Top of RECORDED INFORMATION

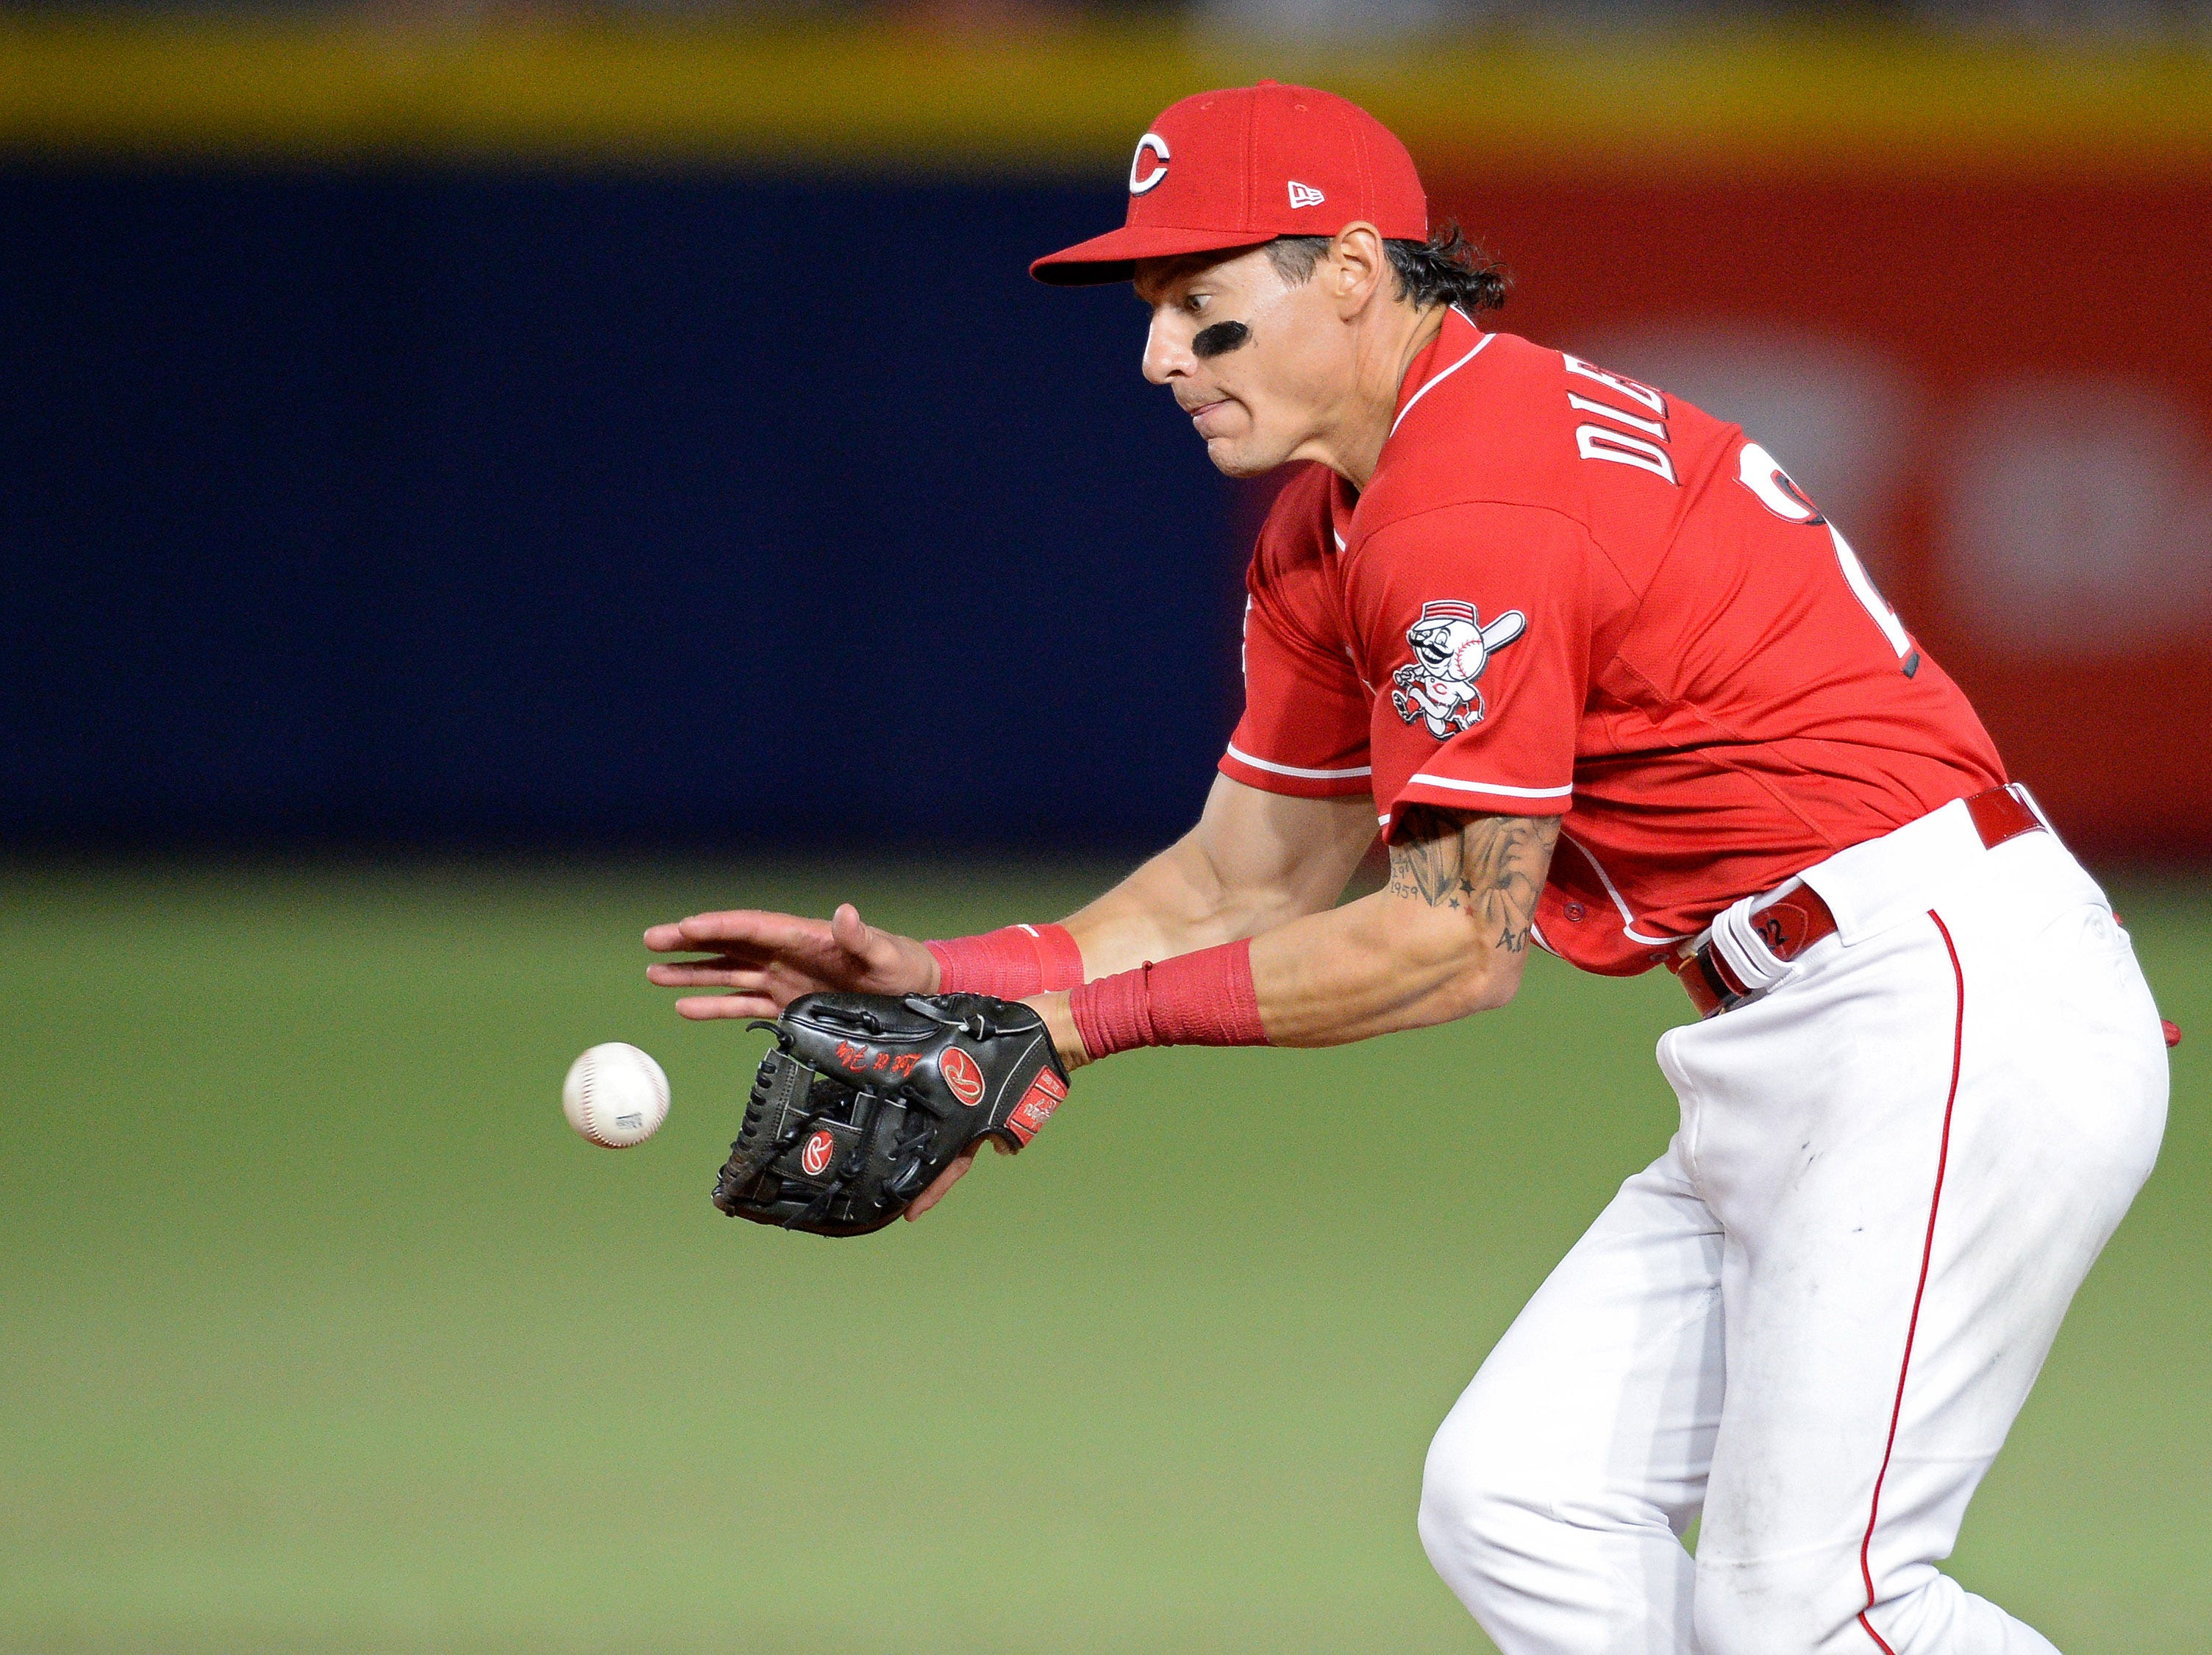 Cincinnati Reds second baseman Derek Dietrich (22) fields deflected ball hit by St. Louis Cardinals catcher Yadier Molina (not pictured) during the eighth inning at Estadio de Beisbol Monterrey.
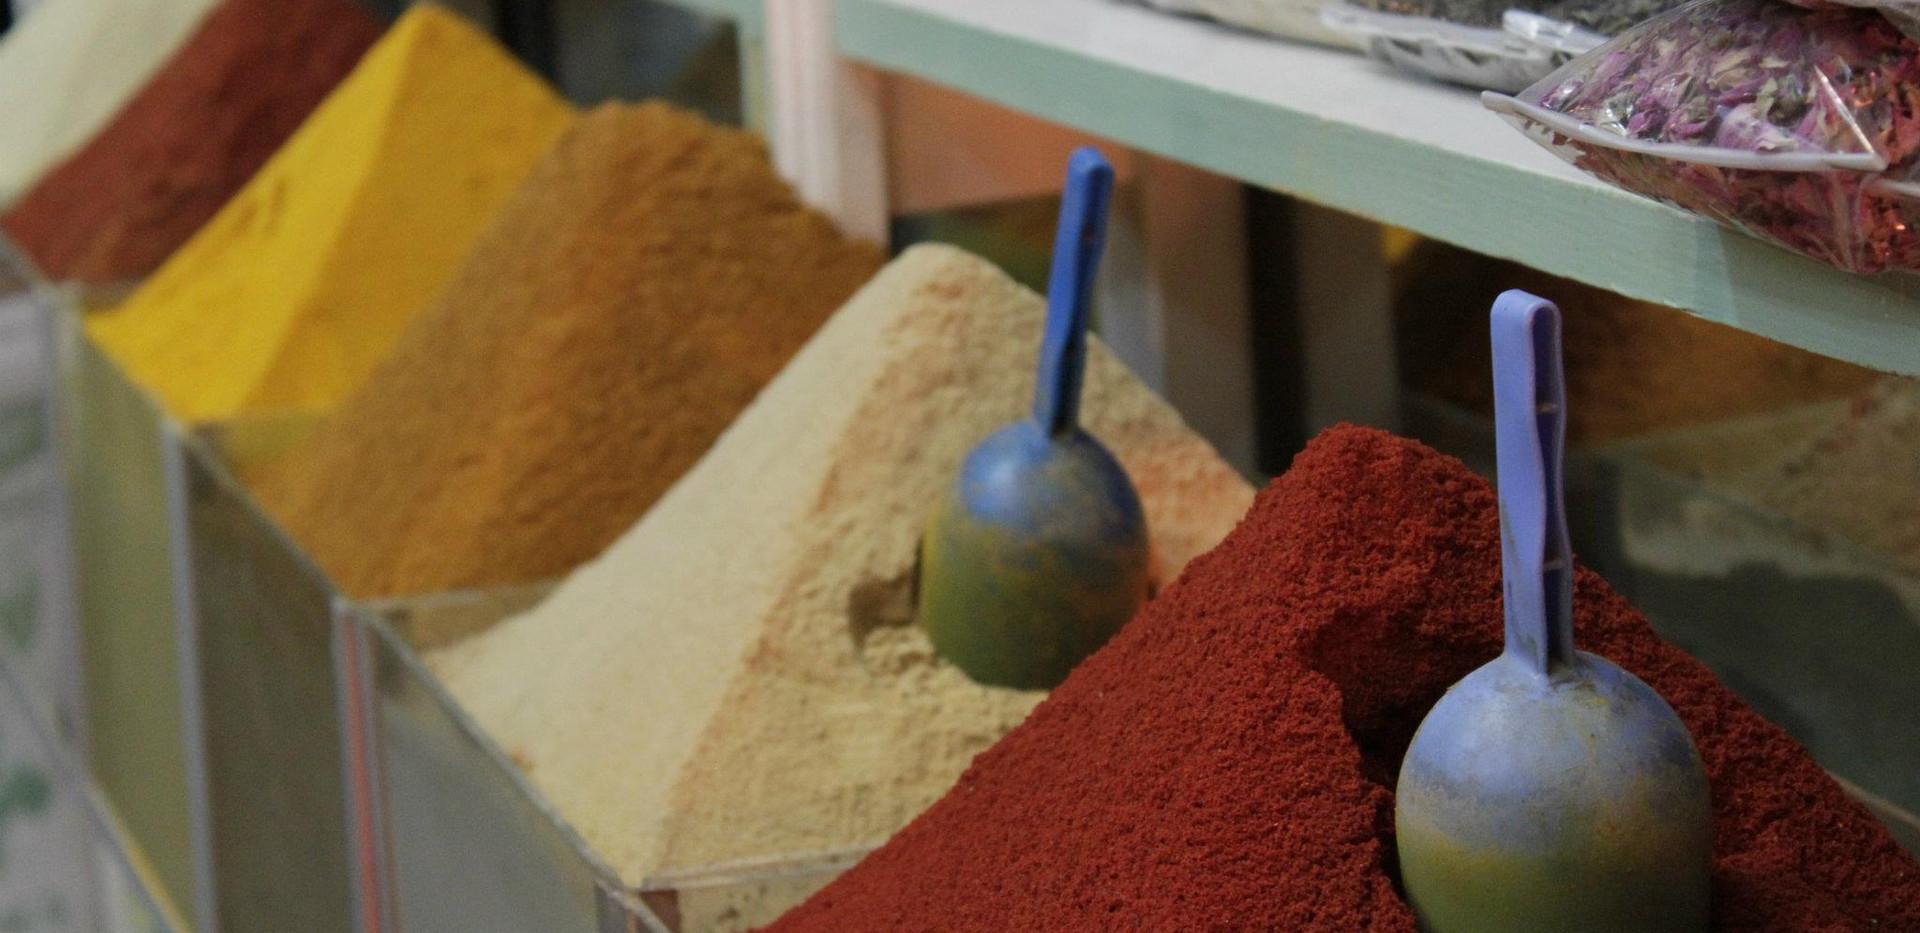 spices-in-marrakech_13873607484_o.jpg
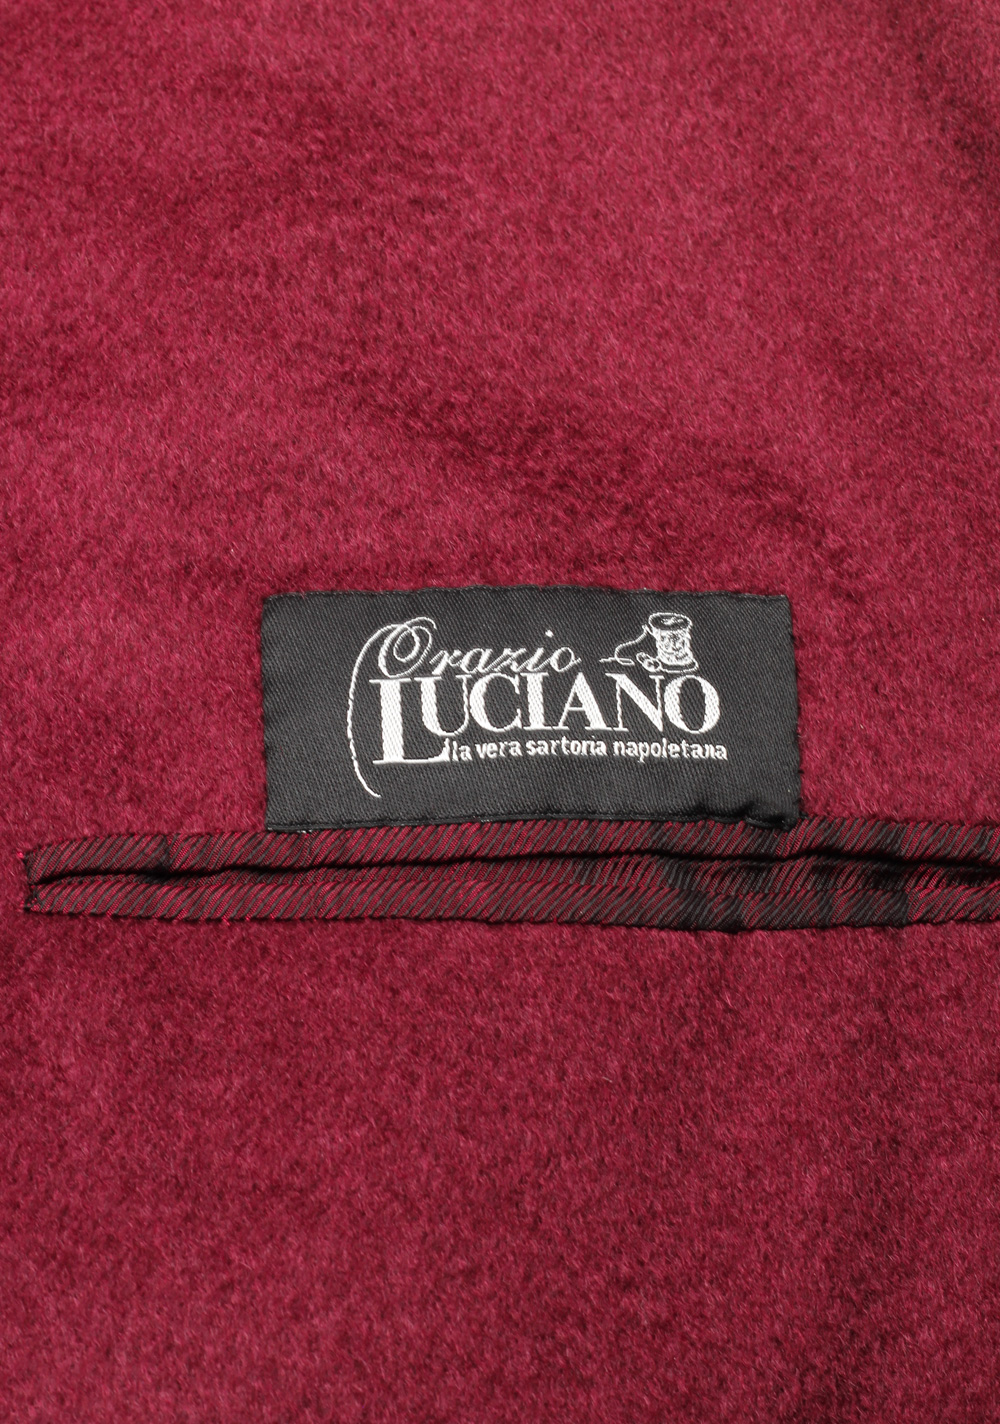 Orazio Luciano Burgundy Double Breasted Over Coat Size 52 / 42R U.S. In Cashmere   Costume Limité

Bottom of RECORDED INFORMATION

Your copy should hold exactly and only the lines from the one containing "spices-in-marrakech_13873607484_o.jpg" through the end of the material, inclusive, repeated word for word and without pictures.

 spices-in-marrakech_13873607484_o.jpg
 Orazio Luciano Burgundy Double Breasted Over Coat Size 52 / 42R U.S. In Cashmere   Costume Limité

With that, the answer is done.